There are pictures in the records below; leave them out and set down exactly the lines from the one holding "Springer Fork Plans 9of9" through the one holding "Gene false, 0.10/C/10".

### PROVIDED DATA
□ □ □ □ □

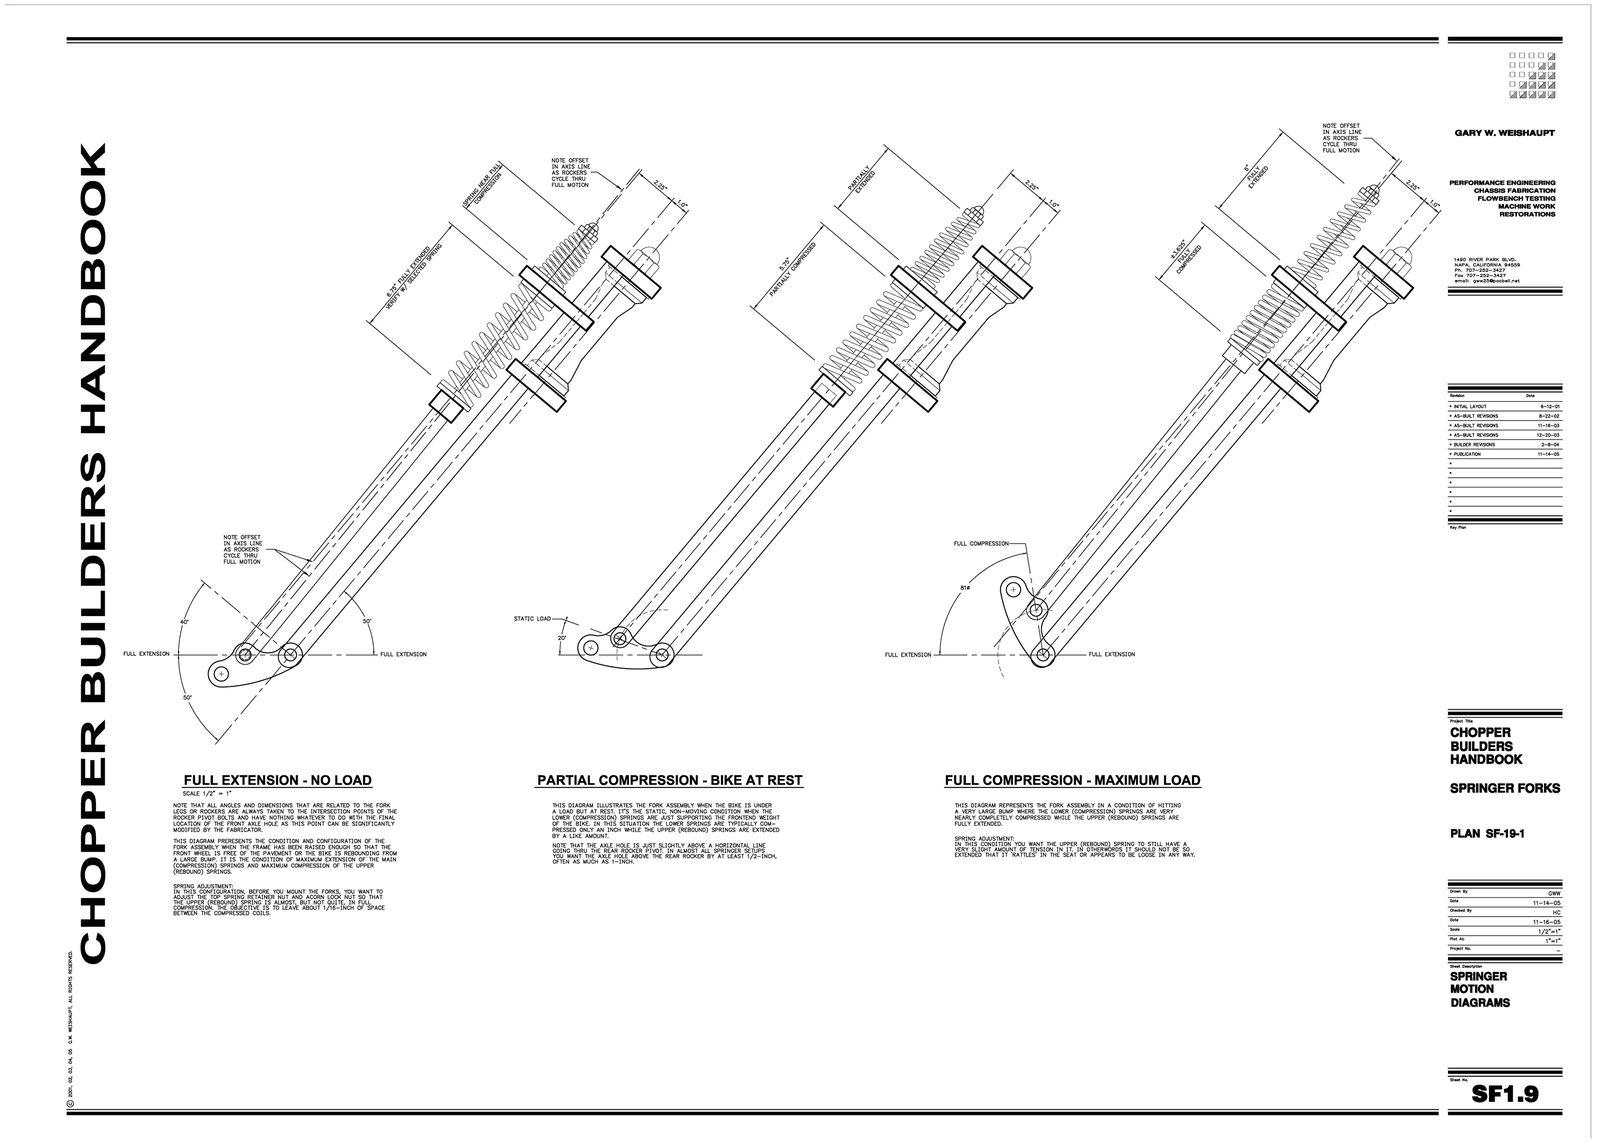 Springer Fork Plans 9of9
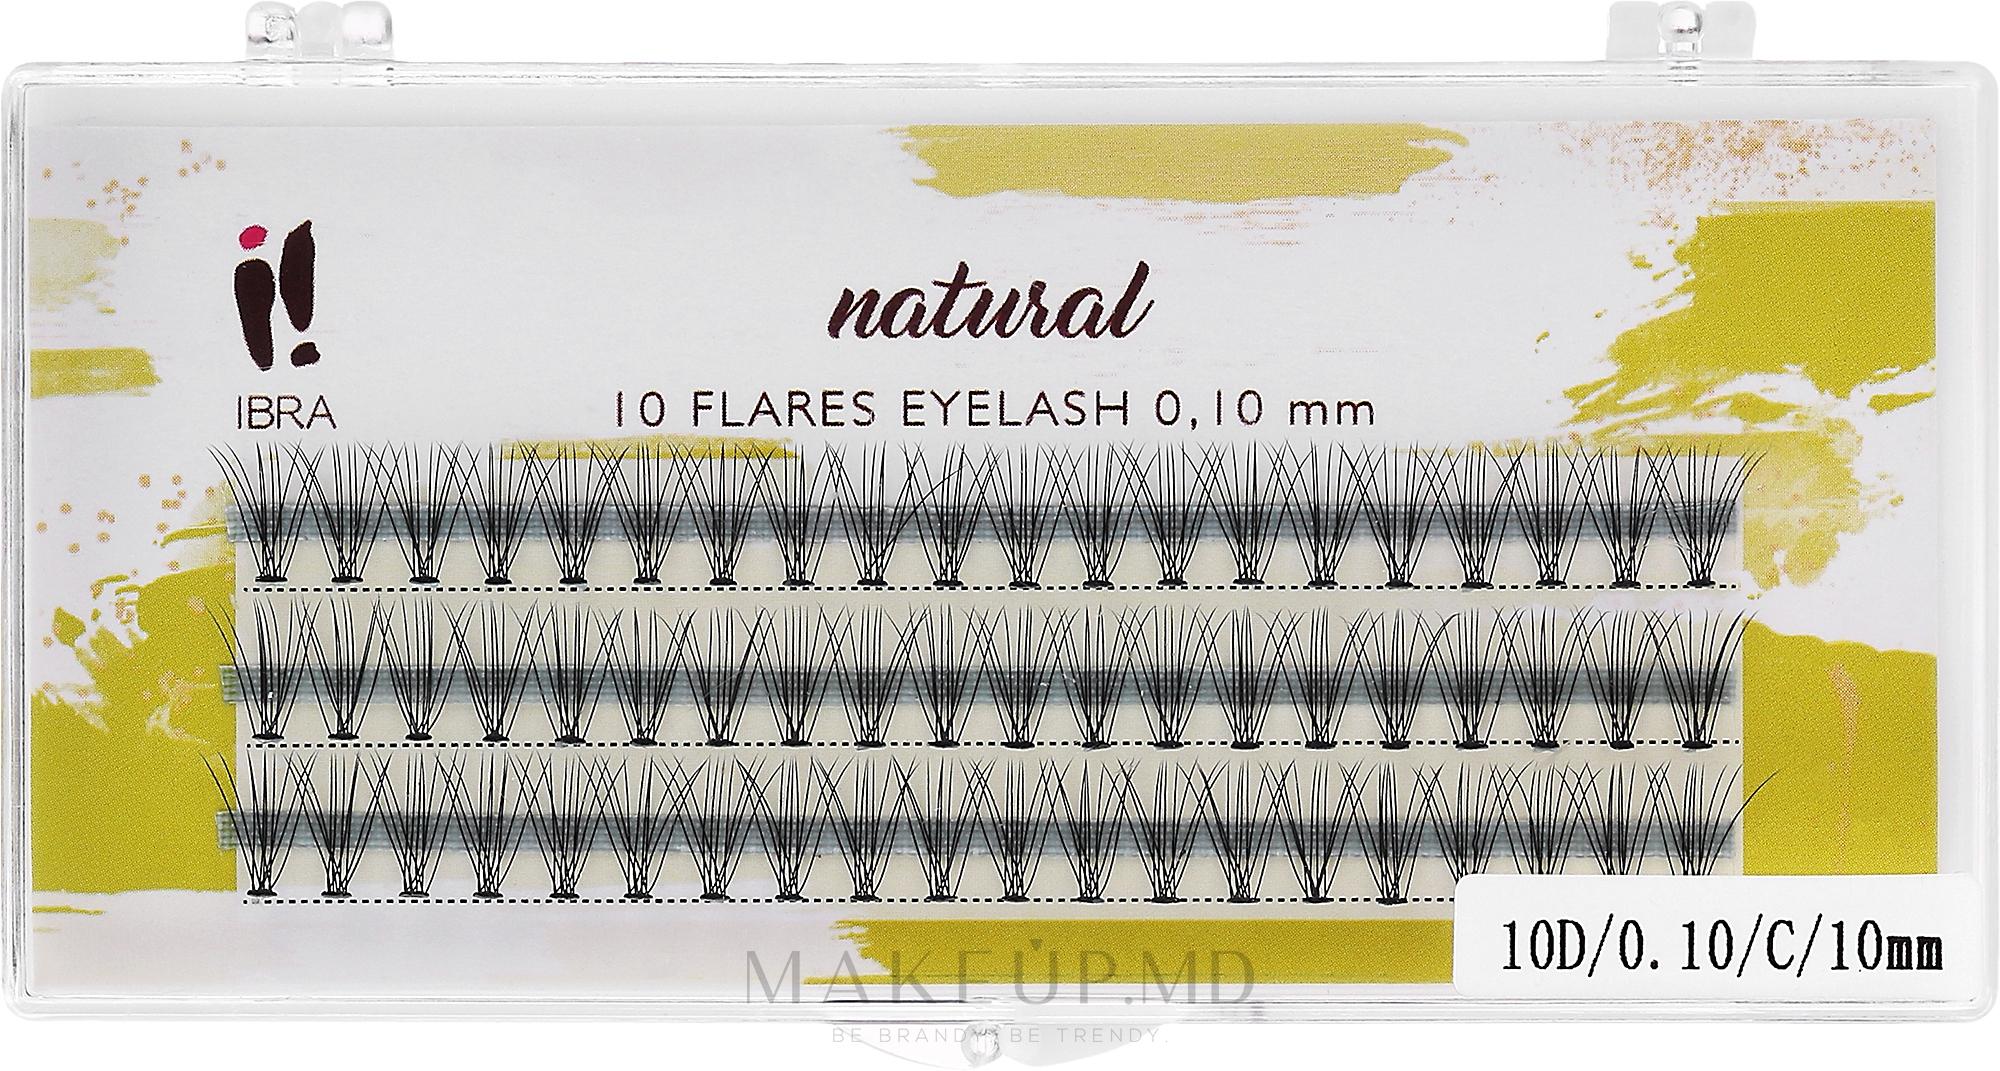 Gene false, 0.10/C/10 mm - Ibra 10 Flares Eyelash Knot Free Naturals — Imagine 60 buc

□ □ □ □ □

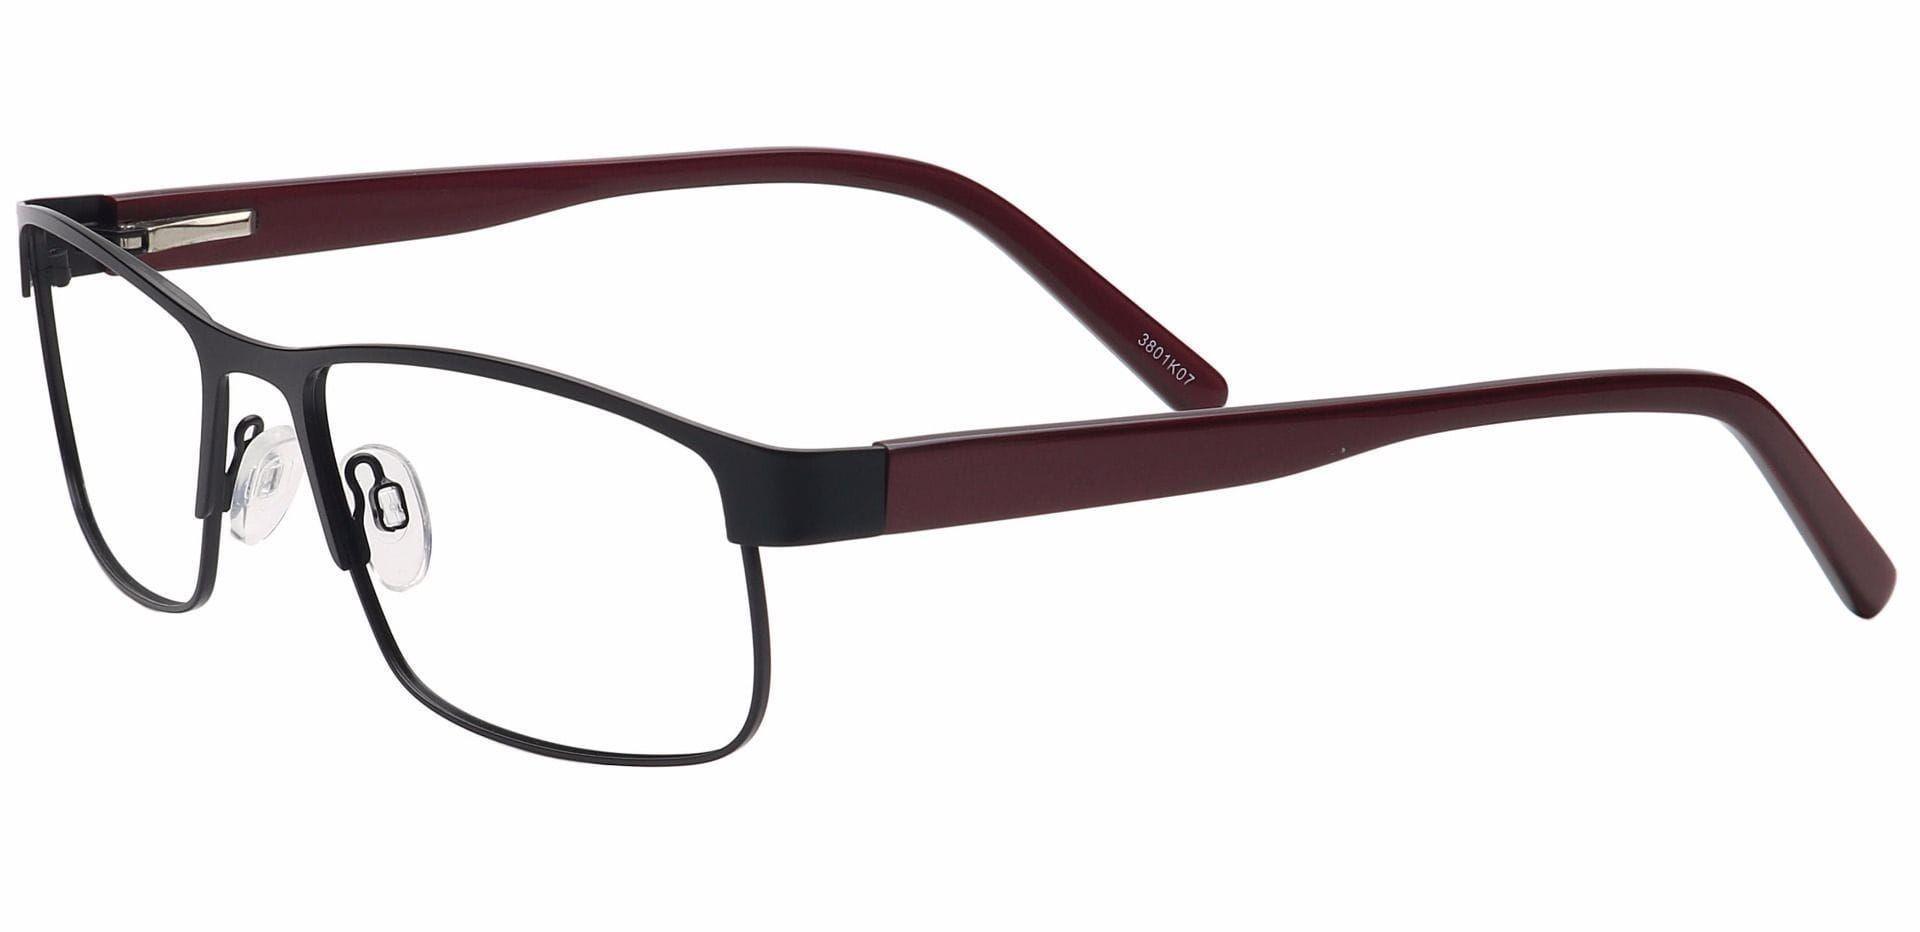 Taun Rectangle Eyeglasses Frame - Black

□ □ □ □ □

### TASK ANSWER
 Springer Fork Plans 9of9
 Gene false, 0.10/C/10 mm - Ibra 10 Flares Eyelash Knot Free Naturals — Imagine 60 buc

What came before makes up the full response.